Because of the demand on airlines – and the time it takes for RAT tests to show a negative reading – the earliest flight I could get was next Tuesday. So not only will I have the time to see her before I go, but I also get to see Paul again when we go to the Queen concert we booked back in 2019 that they had to cancel because of COVID.
Seeing Queen with my best friend and his wonderful wife Shelly is like the ultimate gift to end this incredible visit to Europe.
But there’s more …

You see the Queen concert is on the day the UK celebrates the Queen’s Platinum Jubilee.
I mean the royal one, not the musical one.

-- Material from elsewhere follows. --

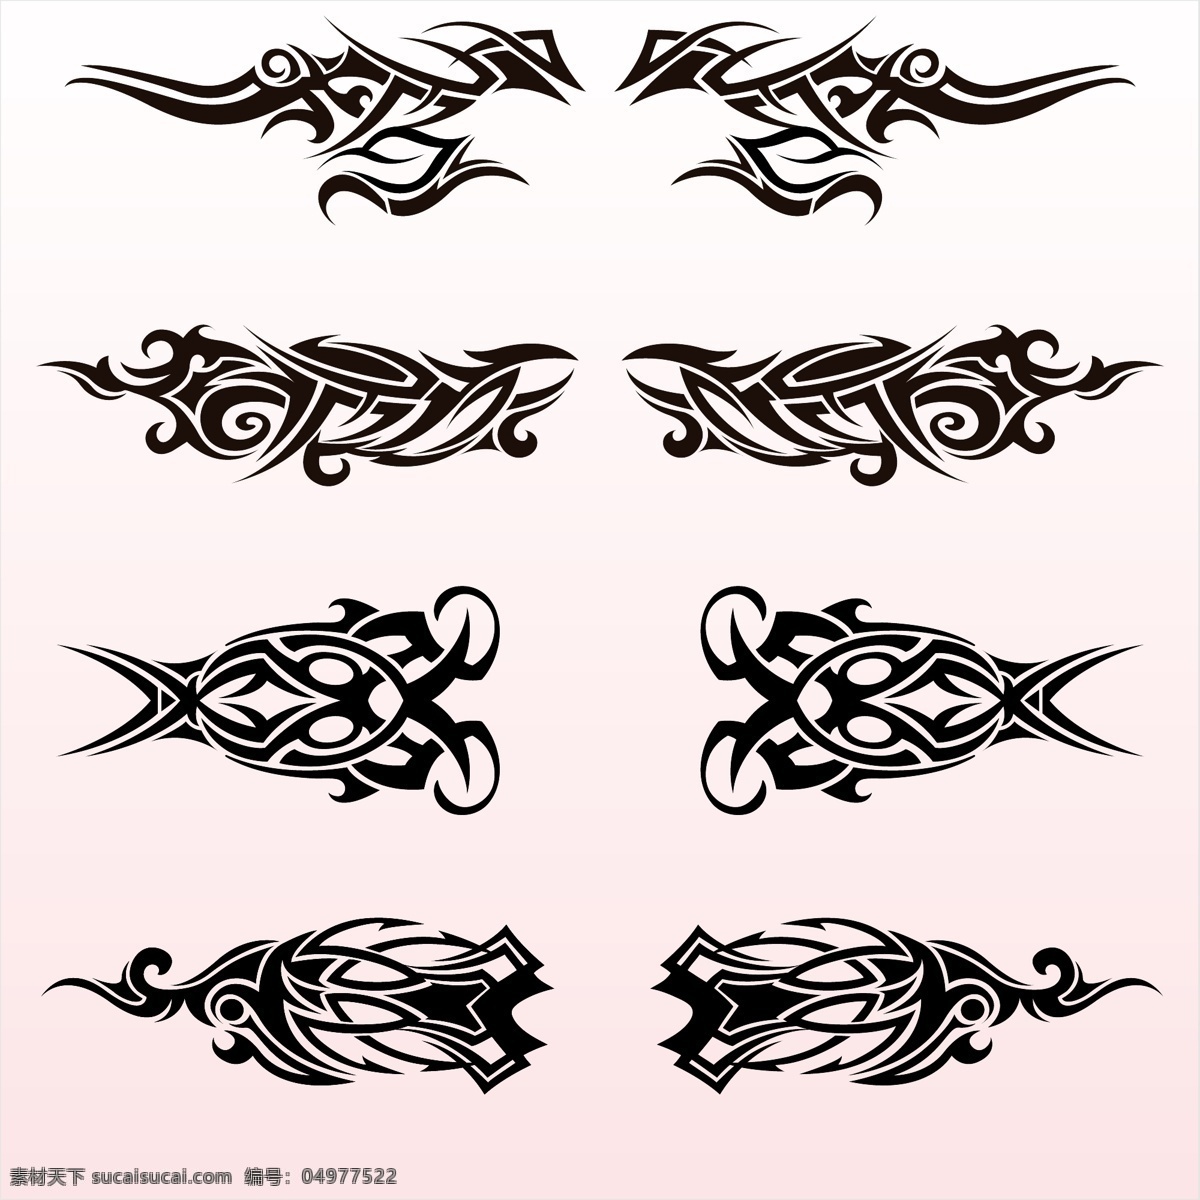 部落艺术纹身 抽象的 翅膀 向量 集合 抽象 边框 饰品 模板 艺术 纹身 黑色 最新矢量素材 白色

The reason this is significant is way back in 1977, my Mum and Dad brought me to London to watch the crowds celebrate her Silver Jubilee. I remember it well, despite being so long ago. So to be back in London – albeit by pure coincidence – on a day where England yet again is celebrating a landmark moment in the Queen’s reign takes me back to that day with my parents and that is a feeling I will really treasure.
What this all means is not only has this trip been more wonderful than I ever imagined, it’s ended up giving me more miracles and love than I ever expected. Miracles and love that I needed more than I ever imagined.
So while I can’t wait to get back to my family – and my team – I can honestly say this has been a couple of weeks that are one of the most important and memorable weeks of my life and for that, I thank everyone who made it possible … from Martin and Mercedes, Paul, Nottingham Forest, Colenso, Q-Prime, NIKE, Paula, Queen, Lee Hill and Virgin Atlantic and my brilliant supportive wife and son right through to, bizarrely, covid.
I don’t know how you did it Mum and Dad, but thank you.